Erica L Stover; Marguerite B Little; Kristie L Connolly; Lixin Li; Robert A Nicholas; Aleksandra E Sikora; Ann E Jerse; Marcia M Hobbs; J Alex Duncan; Andrew N Macintyre

doi:10.1093/infdis/jiae153

Development and validation of multiplex assays for mouse and human IgG and IgA to Neisseria gonorrhoeae antigens

J Infect Dis. 2024 Mar 25:jiae153. doi: 10.1093/infdis/jiae153. Online ahead of print.

Authors

Affiliations

¹ Duke Human Vaccine Institute and Department of Medicine, Duke University School of Medicine, Durham, North Carolina, USA.
² Department of Pharmacology, University of North Carolina School of Medicine, Chapel Hill, North Carolina, USA.
³ Department of Microbiology and Immunology, Uniformed Services University, Maryland, USA.
⁴ Department of Pharmaceutical Sciences, College of Pharmacy, Oregon State University, Corvallis, Oregon, USA.
⁵ Department of Microbiology and Immunology, University of North Carolina at Chapel Hill, Chapel Hill, North Carolina, USA.
⁶ Vaccine and Gene Therapy Institute, Oregon Health & Science University, Beaverton, Oregon, USA.
⁷ Department of Medicine, Division of Infectious Diseases, University of North Carolina School of Medicine, Chapel Hill, North Carolina, USA.

PMID: 38526341
DOI: 10.1093/infdis/jiae153

Abstract

There is an urgent need for vaccines against Neisseria gonorrhoeae (Ng), the causative agent of gonorrhea. Vaccination with an outer-membrane vesicle (OMV)-based Neisseria meningitidis (Nm) vaccine provides some protection from Ng; however, the mechanisms underlying this cross-protection are unknown. To address this need, we developed multiplexed bead-based assays for the relative quantification of human and mouse IgG and IgA against Ng antigens.
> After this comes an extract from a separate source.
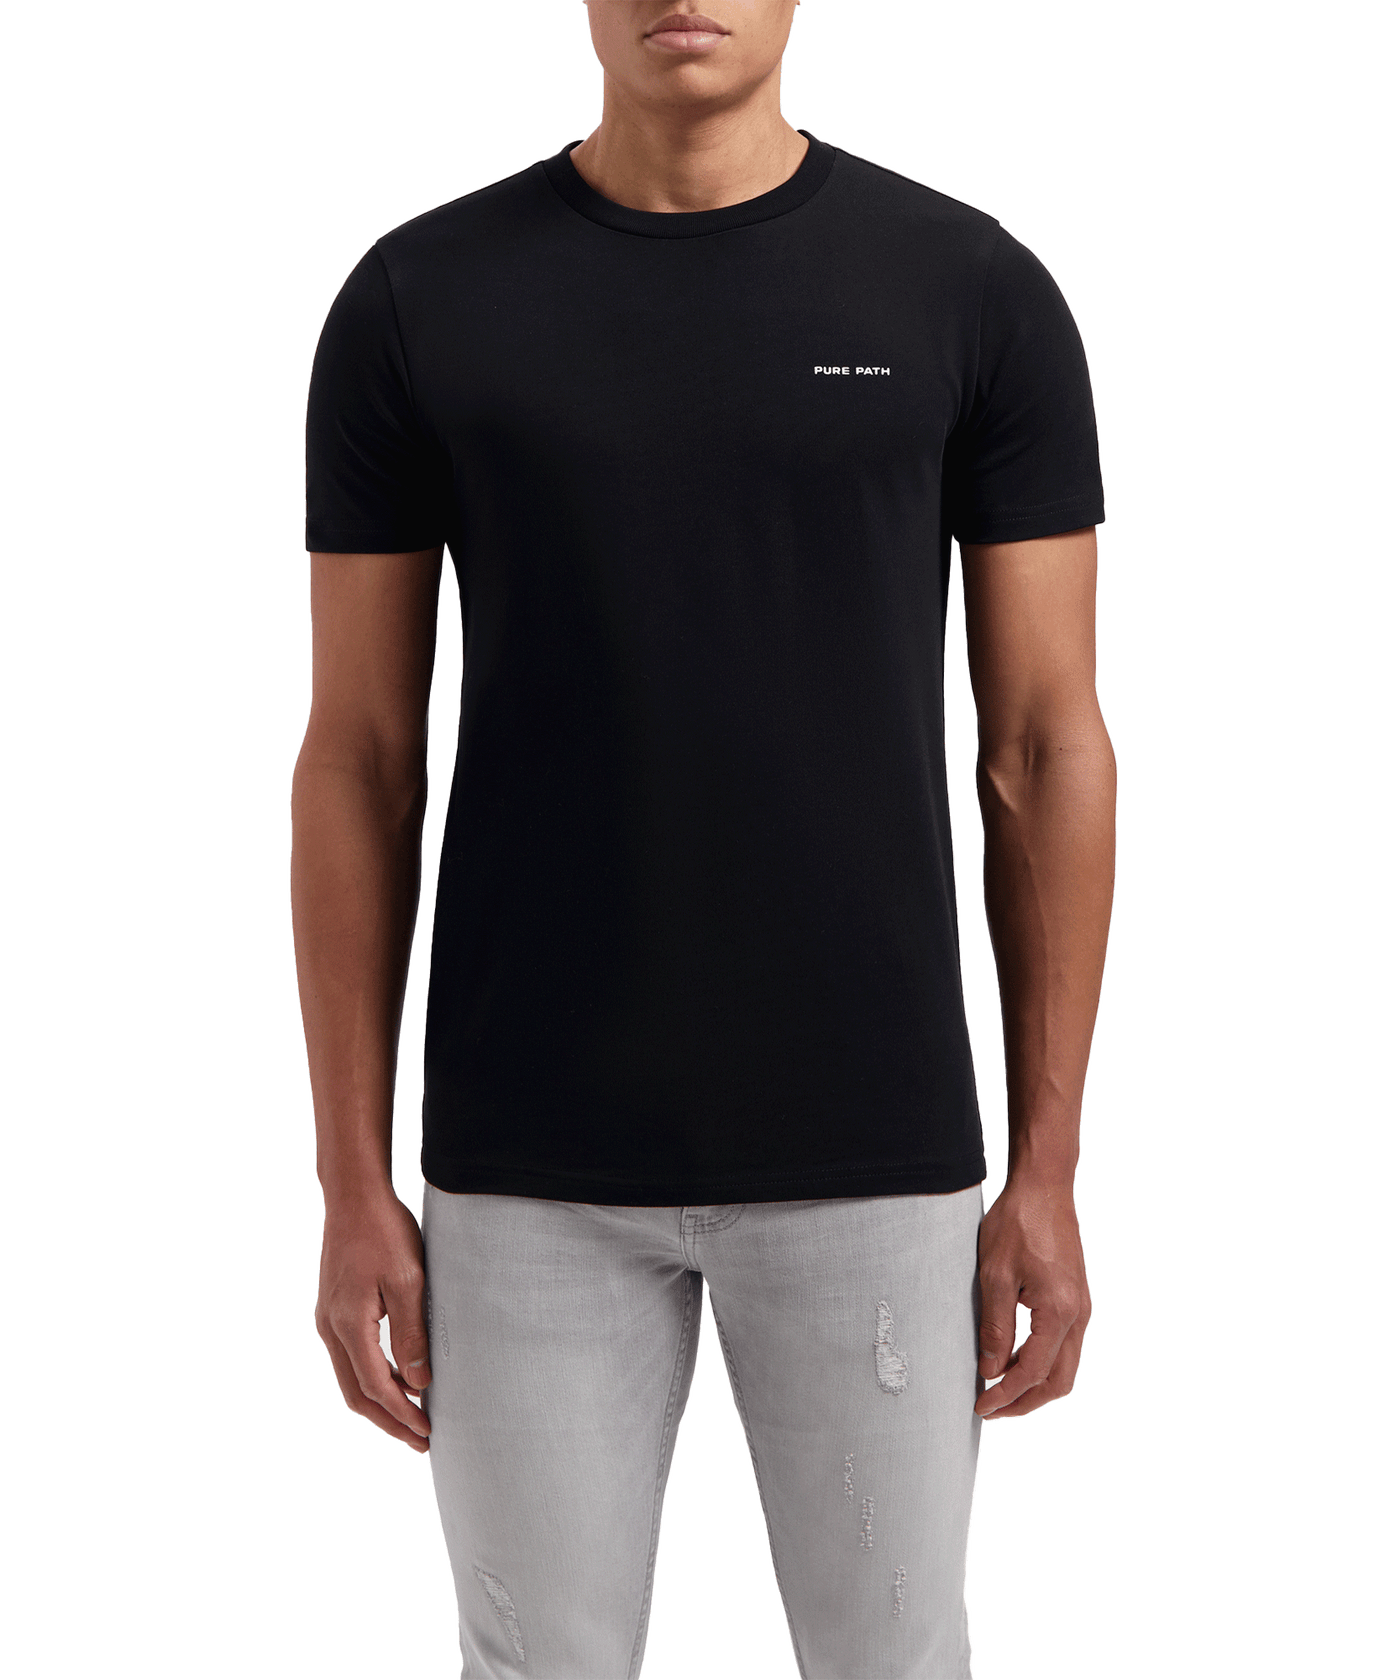 Pure Path - 24010107 - Crewneck T-shirt - Black

The assays were evaluated for analyte independence, dilutional linearity, specificity, sensitivity, intra- and inter-assay variability, and robustness to sample storage conditions. The assay was then used to test samples from mice and humans immunized with an Nm-OMV vaccine.

Keywords: Neisseria gonorrhoeae; assay development; humoral response monitoring; multiplex bead assay.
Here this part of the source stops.